Rizal also observed the Dapitaños did not engage in business. Setting an example of self-help to curb the Chinese control of domestic trade, he and business partner Ramon Carreon ventured into the hemp and copra trade. He promoted the establishment of a farmers’ cooperative managed by the people themselves to improve farm products, promote cooperative marketing, and extend protection to its members. He was fully convinced that community improvement was an impetus to national governance, respect, and integrity.

Rizal’s global appreciation of languages

Rizal visited many countries to study the people’s language and way of life so he could adopt ideas and programs that would benefit his countrymen.
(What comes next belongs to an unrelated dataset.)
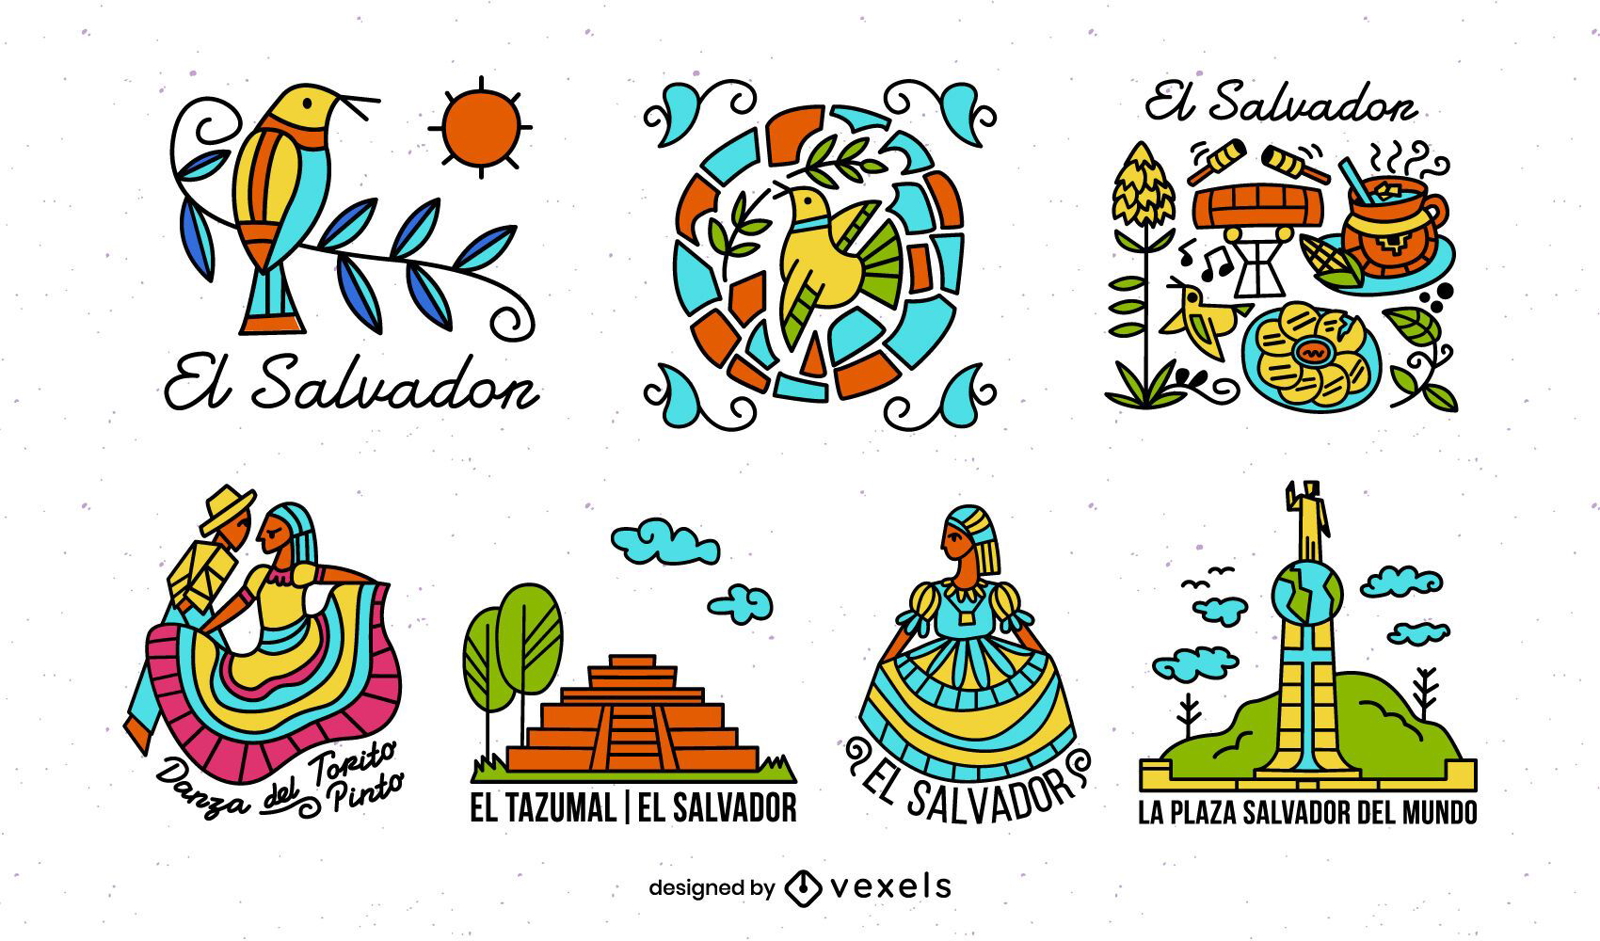 Pacote de elementos ilustrados coloridos de El Salvador

Before visiting Paris, he studied French to speak and write with the same ease he had with Spanish. While assisting at Dr. Becker’s clinic, Rizal spoke only a smattering of German but in three months of diligent study and practice, he spoke with ease. His knowledge enabled him to understand the works of German writers on the Philippines. While in Dapitan, Rizal studied the dialects of the Malaysian language. He envisioned organizing a Filipino colony in Borneo but he was recalled to Manila before the British authorities approved his plan.

The great Rizal from A to Z

Professor Jose David Lapuz’s alphabet rounds up our national hero. Dr. Jose Rizal was … A – Artist and Architect, who built houses in Dapitan. B –Businessman, who engaged in the copra business. C – Cartoonist, the first Filipino graphic artist whose drawings looked like turtles. D – Dramatist, who wrote dramas like Along the Pasig, which extolled the Virgin Mary. E – Educator, Economist, and Ethnologist. F – scientific Farmer. G – Geographer, who drew the geography of Dapitan.

H – Historian, who wrote Sucesos delas Islas Filipinas del Doctor Morga Anotada por Rizal. I – Inventor; among his inventions was a syringe made from bamboo, now displayed at the Berlin Museum of Anthropology. J – Journalist, who was an editor of La Solidaridad. K – knew 22 languages with proficiency in Spanish, French, and German. L – Lover in the good sense of the word. M –Musician, who wrote songs like Dulces Las Oras en la Propia Patria and Kayumanggi.

N – Nationalist, Naturalist, and Novelist, who authored Noli Me Tangere and El Filibusterismo. O – Ophthalmologist and Optometrist, who operated on his mother, Doña Teodora Alonzo. P – Painter, Poet, Philosopher, and Psychologist. Q – Queen of his heart was Doña Teodora, whom he wrote about in Queredisima Madre Mia (My most beloved mother).

R – understood Radiology. He was also a Romantic to Leonora Rivera, Josephine Bracken, Gertrude, and many more. But he was noble and always a gentleman, un Hidalgo.  S – Sculptor, who sculpted in wood the image of Jesus Christ and “On Death!” He was also a Scientist, who practiced Sociology as seen in his work, Sobre La Indolencia delos Filipinos (The Indolence of Filipinos). T – In a way, a Theologian. He quarreled with a Jesuit Father on Theology and impressed Padre Ulmer. U – Unitarian, who believed in the unity of the Filipino Nation.

V – Valedictorian. He was also Virtuous, who had love of country, generosity of spirit, love of justice, and love of freedom. W – Warrior of freedom. X – X-man, who used his superior ability to help others.  Rizal was a Xenophile, who appreciated foreign cultures. Y – Youth Leader, who wrote of the ideal Filipino Youth in Delia Esperanza dela Patria Mia (Fair Hope of the Fatherland). Z – Zoologist, who conscientiously collected zoological specimen. He sent a frog and lizard to Berlin for examination, which were named Rizali.